Coordinating Minister for Economic Affairs Airlangga Hartarto pointed out the importance of traceability, which the government will address through the use of certificates and electronic systems. Thus, even after being traded multiple times, the original source of the carbon credit is still traceable, he said.

The meeting in the State Palace also raised the issue of market makers for the exchange to prevent big institutions or foreign companies becoming hoarders, he said, adding that the government would establish a body to function as market maker.

“We feel the form [of the institution] will be similar to the Indonesia Investment Authority [INA] or a state-owned enterprise,” he said.

Ahmad Zuhdi Dwi Kusuma, an industry analyst at Bank Mandiri’s Office of Chief Economist, said the decision would increase the number of potential buyers of the country’s carbon certificates and make the price more competitive.

An influx of capital from the carbon market then could also strengthen the rupiah exchange rate and become an incentive for investors who want to enter the energy-transition sector.

“However, the negative aspect is the carbon exchange could leave our economy vulnerable to global economic volatility,” Ahmad told the Post on Thursday.

Indroyono Soesilo, who chairs the Association of Indonesian Forest Concessionaires (APHI), lauded the move.

Previously, there had been talk of Indonesia focusing on achieving its NDC first before deciding on an open carbon exchange, but later the government made arrangements for the NDC target to be calculated each year, he said.

“The previous plan was not interesting, while the current one is more interesting,” Indoroyono told the Post on Thursday.

He gave as an example a concession that could absorb a baseline of 10 million tonnes, but later it could absorb 12 million tonnes after implementing mitigation efforts, such as less deforestation and more reforestation, which would result in an excess of 2 million tonnes.

If the concession was obliged to contribute 1.5 million tonnes to the NDC, then it could sell the other half million tonnes through the carbon exchange, he said.

“If there is an excess, it will be prioritized for the NDC target, and the rest for the voluntary carbon market,” he said.

The voluntary market is meant for companies or institutions seeking to voluntarily offset their emissions by purchasing carbon credits from various sources elsewhere.

The new arrangement would not hinder the government’s NDC target of reducing domestic carbon emissions, he insisted.

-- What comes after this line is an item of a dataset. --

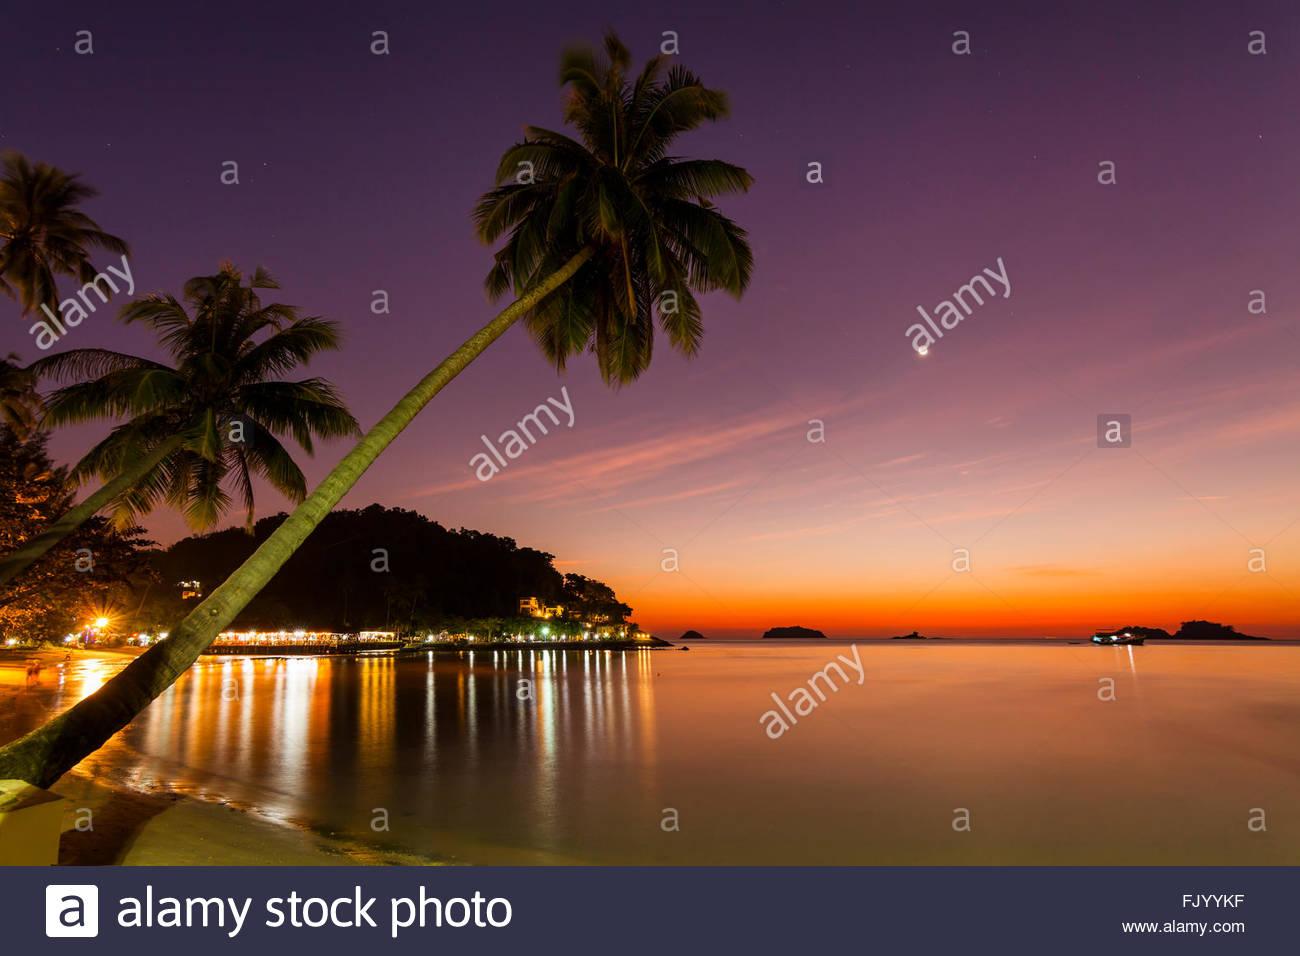 Soirée romantique sur une île tropicale avec l'éclairage de nuit. La Thaïlande. Photo Stock

Zakki Amali, a research manager at Jakarta-based environment watchdog Trend Asia, doubted claims that involving foreign entities would help the country to meet its NDC targets, adding that it needed to be examined carefully.

For instance, the Energy and Mineral Resources Ministry only targets 500,000 tonnes of carbon dioxide reduction from carbon trading in the power plant subsector this year, which is the country’s second-largest source of emissions after forest and land use.

However, the reduction is regarded by many as too slight, being only equivalent to 0.2 percent of total carbon dioxide emissions from coal power plants, which can amount to 250 million tonnes.

“Carbon trading may be a fake solution to the government’s claim of reducing emissions. The negative environmental impact is likely to remain,” Zakki told the Post on Thursday.

Furthermore, he said the government lacked transparency in verifying and calculating emissions, which may undermine the carbon-trading scheme.

“Without transparency, Indonesia’s carbon trading will only benefit carbon emitters, while the environmental objectives will never be met,” he said.

Carbon trading in Indonesia kicked off this year but is only applied to the power sector so far, while the carbon exchange is still under development. The government plans to expand it to other sectors only after 2025, according to the 2021 Tax Harmonization Law.